ЧУДО́ВИЩНЫЙ, -ая, -ое; -щен, -щна, -щно. Выходящий за пределы обычного.

As for the word in question, "уебать" - defeat completely, "уёбище" - complete failure.


----------



## Awwal12

dmitryviewshkin said:


> Actually, yes. And I would.
> 
> ЧУДИ́ТЬ, -ди́шь; несов. Разг. Совершать нелепые, странные поступки; дурить (разг. Совершать нелепые, сумасбродные поступки).
> 
> ЧУДО́ВИЩНЫЙ, -ая, -ое; -щен, -щна, -щно. Выходящий за пределы обычного.
> 
> As for the word in question, "уебать" - defeat completely, "уёбище" - complete failure.


Откуда взято определение?

Вот Ушаков:
*ЧУДО'ВИЩНЫЙ*, ая, ое; -щен, щна, щно.
*1.* _только полн. формы._ _Прил. к_ чудовище в 1 знач.; являющийся чудовищем (книжн.). _Ч. вид. Чудовищное существо. По углам едва заметно дымятся высокие курильницы, представляющие чудовищных зверей._ Тургенев. *2.* _только полн. формы._ То же, что тератологический (см. тератология во 2 знач.; искус.). _Ч. стиль. Ч. орнамент._ *3.* _перен._ Непомерно большой, гигантский, страшный. _Чудовищное преступление. В чудовищных размерах. Ч. аппетит. Одна сплошная чудовищная волна обхватывает весь круг небосклона._ Тургенев.

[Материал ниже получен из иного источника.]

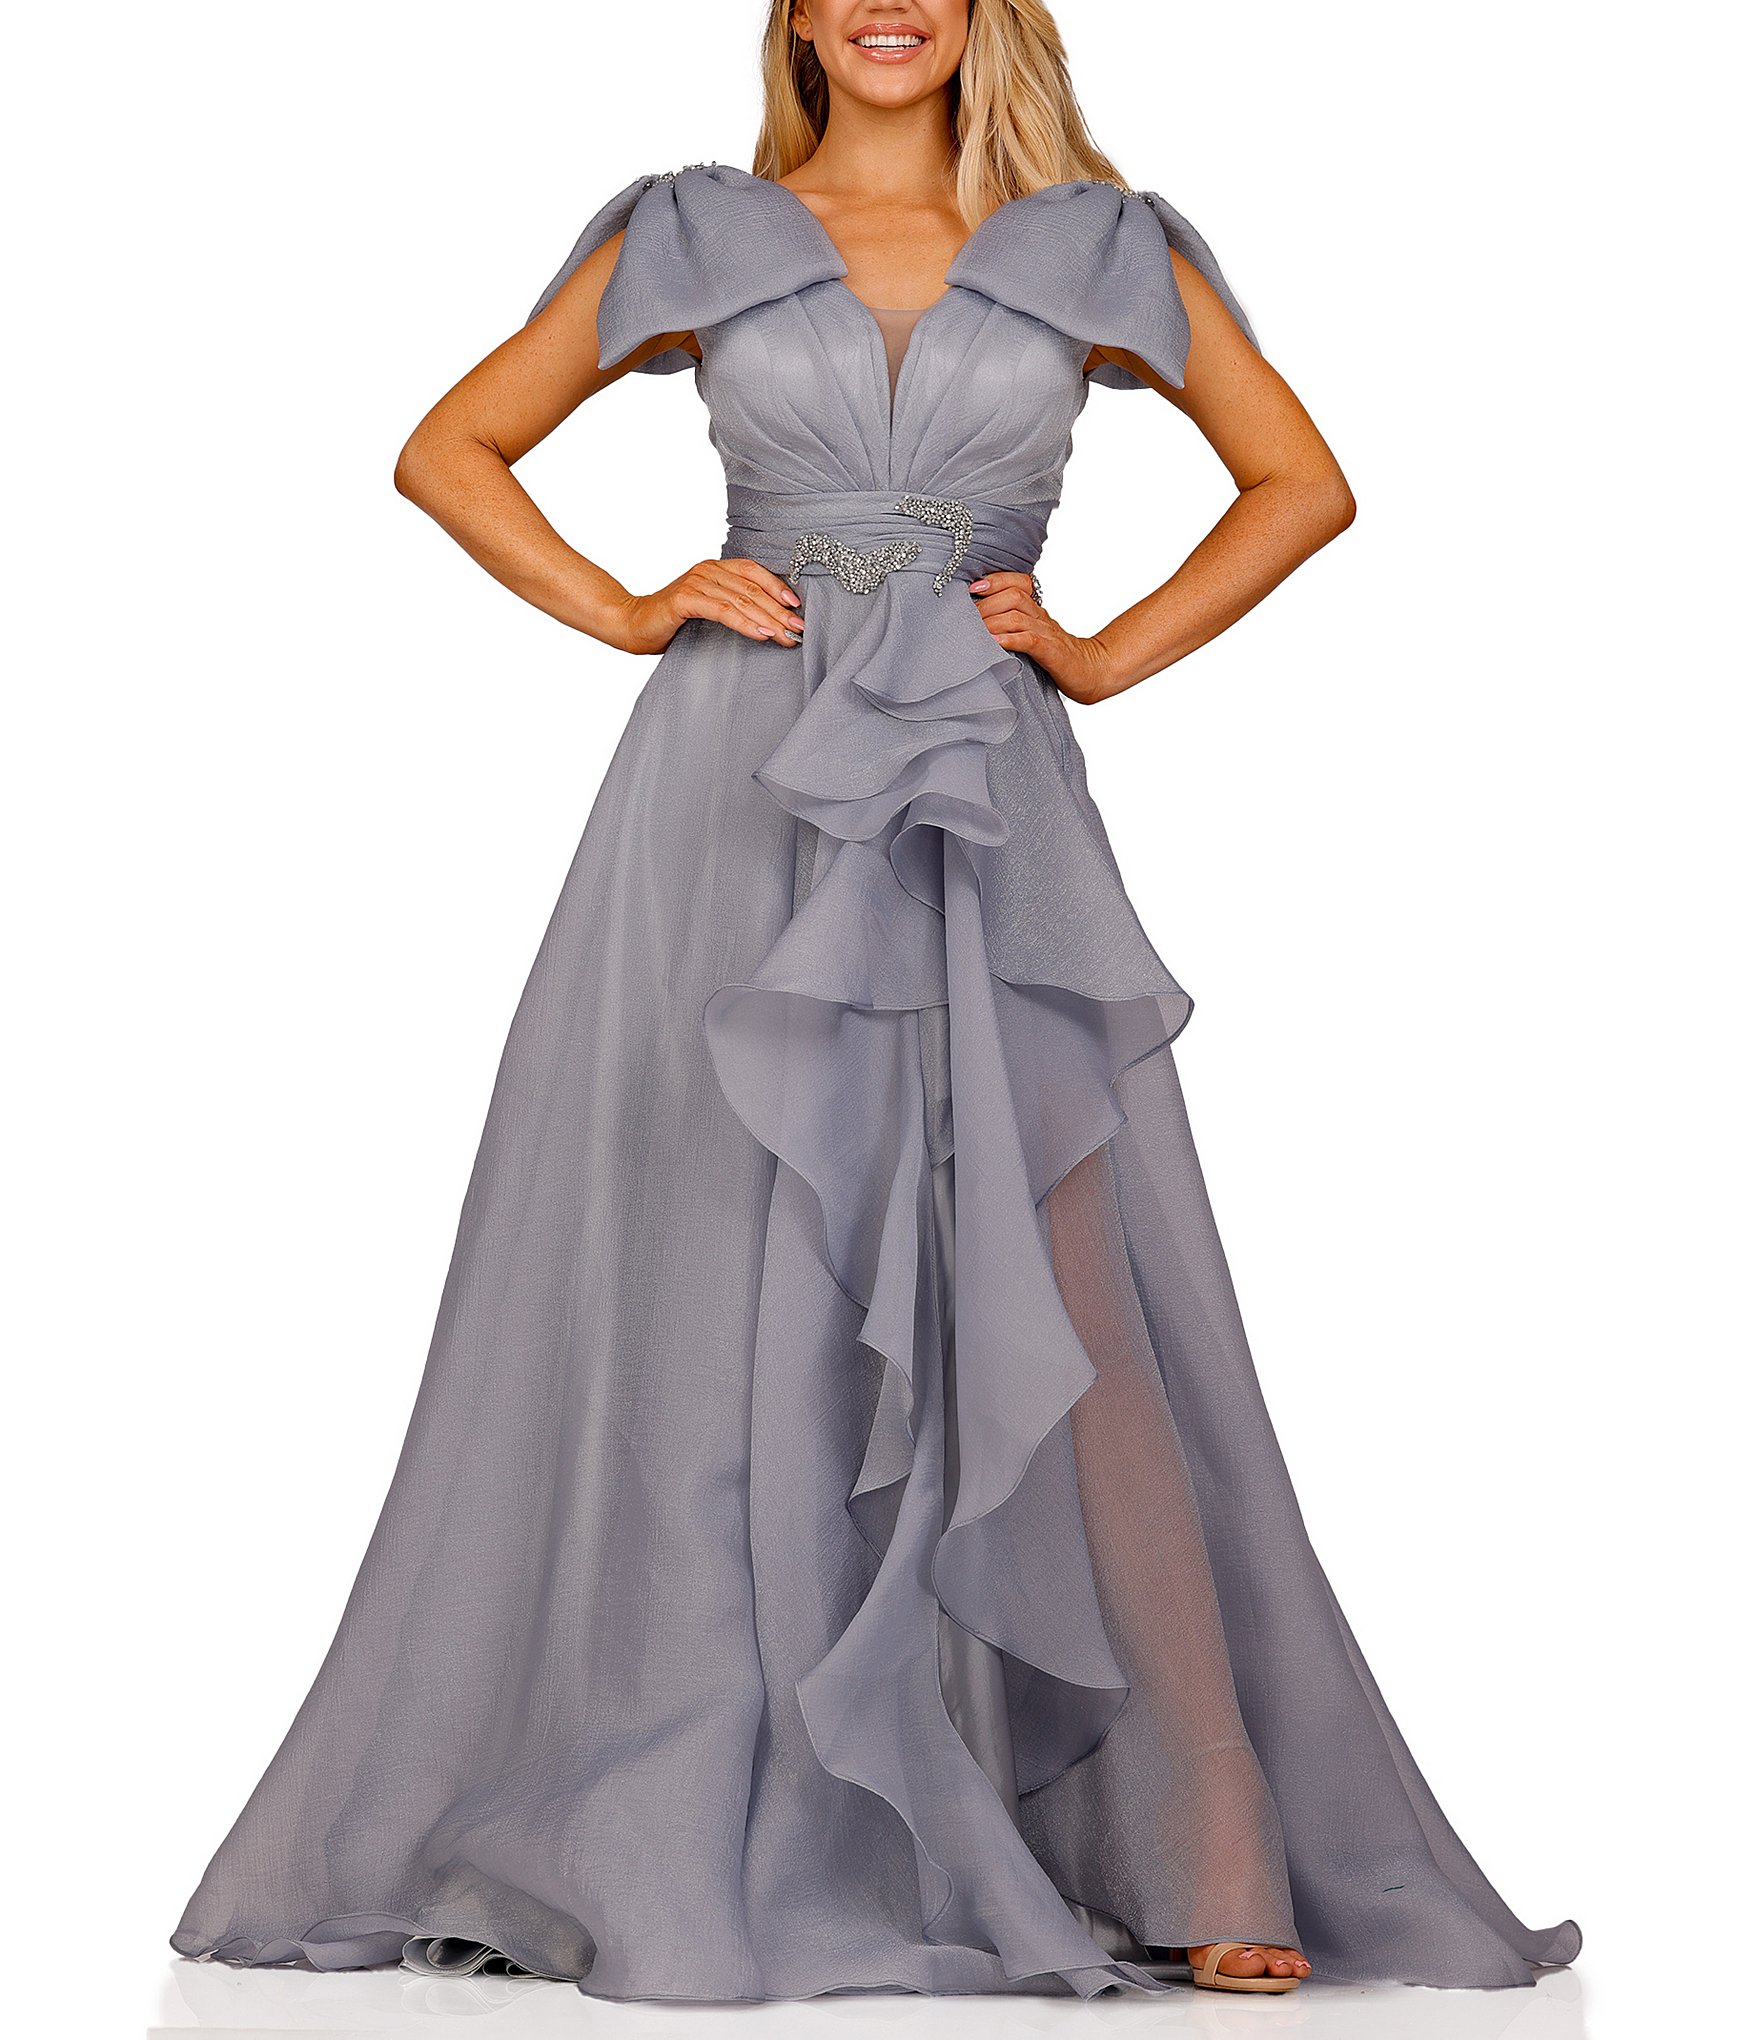 ralph lauren clearance: Women's Formal Dresses & Evening Gowns | Dillard's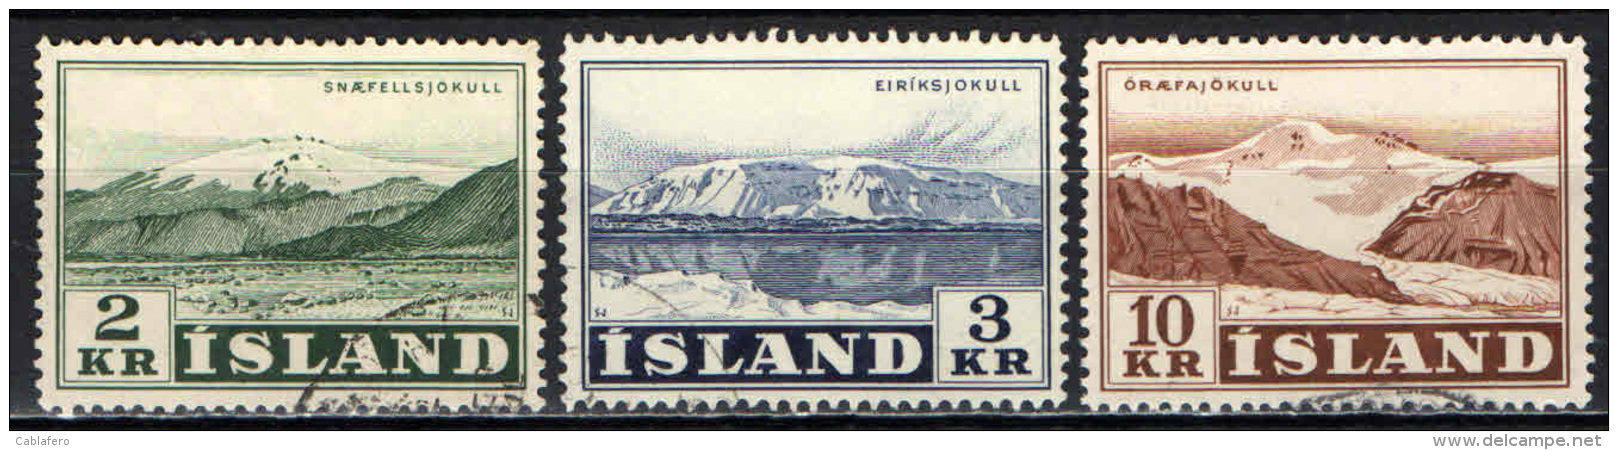 ISLANDA - 1957 - VEDUTE DI MONTAGNE: EIRIK E ORAEFA - USATI - Usati

Вот толковый словарь ruLib.info online: 
*Ударение: чудо́вищный*


_*прил.*_
*Соотносящийся по значению с существительным: **чудовище**, связанный с ним. *
*Подобный чудовищу (1), характерный для него; устрашающе уродливый. 3) *
*перен. разг. Неимоверно большой; гигантский, огромный. *
*Достигший крайней степени уродливых форм; страшный.*

*перен. Невероятный по силе своей бесчеловечности, низости, подлости.*
Вот, наконец, Ожегов:
*Чудовищный*
1. Представляющий собой чудовище N1/2, вызывающий чувство ужаса
2. Необычайный по своим отрицательным качествам
3. Крайне большой, весьма значительный.

Нигде не указывается какой-либо связи с "чудить" ("Делать, выкидывать странности, дурить, мудрить".) Немудрено. Неужто вы думаете, что суффиксами "ов" и "ищ" можно распоряжаться как угодно?..


----------



## dmitryviewshkin

Awwal12 said:


> Откуда взято определение?



The definitions are from Словарь русского языка в четырех томах (Малый академический словарь, МАС) — наиболее авторитетный нормативный словарь современного русского литературного языка, охватывающий с необходимой полнотой общеупотребительную лексику и фразеологию и предписывающий стандарты употребления слов и устойчивых словосочетаний. Словарь представляет современное состояние словарного состава русского литературного языка, а также включает часть широкоупотребительной лексики русского литературного языка от пушкинской эпохи до наших дней, необходимую для понимания произведений художественной, публицистической и научной литературы XIX—XX вв.


----------



## Awwal12

Очень забавно смотрится вырывание цитат с мясом.  Даже не знаю, что тут комментировать. Нутром чую троллинг.

МАС говорит сам за себя:

*ЧУДО́ВИЩНЫЙ*, -_ая_, -_ое_; -_щен_, -_щна_, -_щно_. *1.* Страшный, устрашающий. _Звери чудовищного вида перекликались страшными голосами._ Куприн, На глухарей. 
*2.* Выходящий за пределы обычного *по своим размерам, величине, силе.* _Впереди, бурля пеной, --- поднялся чудовищный вал._ Новиков-Прибой, Женщина в море. _— Дерево, о котором я хотел вам сказать, — это мамонтово дерево, секвойя. --- Толщина ствола у нее чудовищная, до пятнадцати метров._ Паустовский, Секвойя. _Ночью, уже перед рассветом налетел чудовищной силы ураган. Он сломал около десятка тополей в деревне._ А. Иванов, Повитель. 
*3.* Достигший крайней степени в своем проявлении. _Чудовищная нищета. Чудовищная несправедливость. Чудовищное преступление._ □ _Рассказывали почти чудовищные факты из ее помещичьей практики ---. Говорили, например, что она, еще будучи девушкой, защипала до смерти данную ей в услужение девчонку._ Салтыков-Щедрин, Пошехонская старина. _Конверт был вскрыт в назначенный_ 692 _срок; там лежал чистый лист бумаги. Страшное подозрение в чудовищном обмане овладело всеми._ Агапов, Взбирается разум.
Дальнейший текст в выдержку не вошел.